Then the writer became aware that the room was filled with sound—sudden, loud and menacing. It was a sound as of sudden drums at midnight, such a sound as the gay dances in Brussels heard on the eve of Waterloo, when the Assembly sounded in the great square, and the whole city awoke.

In another moment, Megbie knew what the sound in his ears really was. His own heart and pulses were racing and beating like the sudden traillerie of drums.

In a flash he recognized the face and form of his visitor—this outward form and semblance of a man which had sprung up and grown concrete in the night! The phantom—if indeed it was a phantom—wore the dress and aspect of Eustace Charliewood, the well-known man about town who had killed himself at Brighton a few years ago!

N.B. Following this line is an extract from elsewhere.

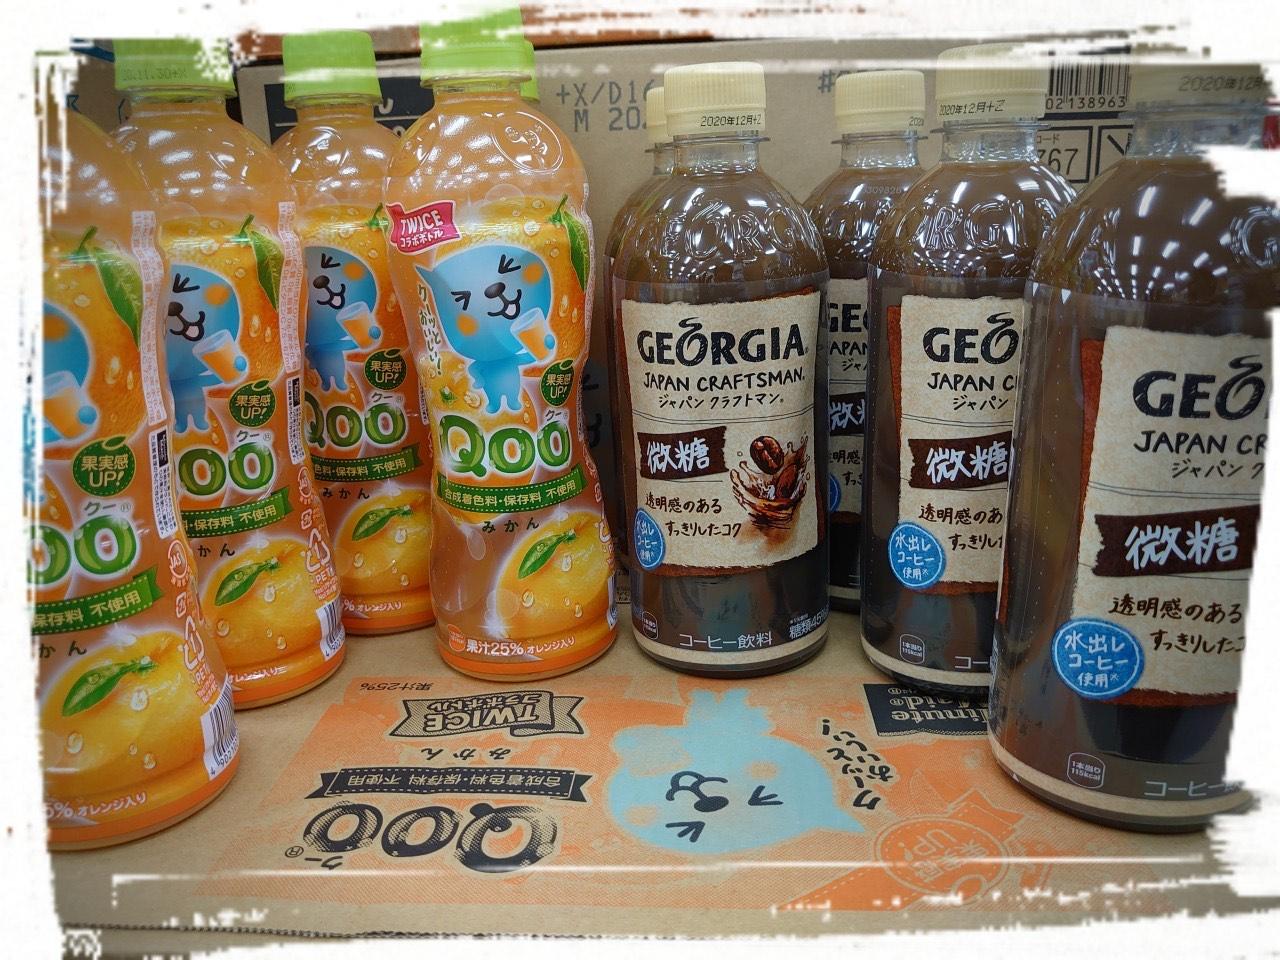 Qooオレンジ425ml・ジョージアジャパンクラフトマン微糖500ml

Megbie had never spoken to Charliewood—so far as he could remember—but he knew him perfectly well by sight, as every one in the West End of London had known him, and he was a member of one of the clubs to which the dead man had belonged.

The Thing that stood there, the Thing or Person which had sprung out of the air, wore the earthly semblance of Eustace Charliewood.

Megbie shouted out loud. A great cry burst from his lips, a cry of surprise and fear, a challenge of that almost dreadful curiosity that men experience now and then when they are in the presence of the inexplicable, the terrible and the unknown.

Then Megbie saw that the face of the Apparition was horribly contorted.

The mouth was opening and shutting rapidly in an agony of appeal. It seemed as though a torrent of words must be pouring from it, though there was not a sound of human speech in the large warm room.

Great tears rolled down the large pale cheeks, the brow was wrinkled with pain. The hands gesticulated and pointed, flickering rapidly hither and thither without sound. And continually, over and over again, the hands pointed to the gleaming silver case for cigarettes which Donald Megbie clasped tightly in his right hand.

The silent agitated Thing, so close—ah, so close! was trying to tell Donald something.